RMS Case Study in Cox Regression

Regression Modeling Strategies: Case Study in Cox Regression

This is the 21st of several connected topics organized around chapters in Regression Modeling Strategies. The purposes of these topics are to introduce key concepts in the chapter and to provide a place for questions, answers, and discussion around the chapter’s topics.

Overview | Course Notes

Additional links


Q&A From May 2021 Course

  1. What can you do if your data does not meet the proportional hazards assumption? Is there a regression model for time to event that does not assume proportional hazards? The RMS book has a section of things to do when PH doesn’t hold. My current favorite approach, which is better in a Bayesian context, is to generalize the model, e.g., add time-varying covariate effects.
  2. We discussed that continuous variable like age should not be categorized to use as a predictor in the model. However, for clinical reasons a physician might be interested in studying the effect of 4 specific age groups (pre-defined clinically) on a specific survival outcome. So, we use a categorization of age with 4 levels as a predictor in a Cox proportional hazards survival model.
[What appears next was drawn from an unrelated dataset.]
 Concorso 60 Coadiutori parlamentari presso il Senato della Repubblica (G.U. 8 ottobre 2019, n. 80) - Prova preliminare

We plot the –ln(-lnSurvProb) vs ln(time), and the curves pertaining to the 4 age-group are fairly parallel among themselves, and the cox-snell residuals plot doesn’t show evidence of violation of the proportional hazard assumption. Under this setting, would it be ok to categorize age? Is there any other test that we can do to check whether using age as a categorical variable would be ok in this setting? Categorization of age is misleading and leads to invalid estimates with hidden age heterogeneity. Think about removing speeds from a speedometer on your car and labeling speed intervals as “slow, moderate, fast”.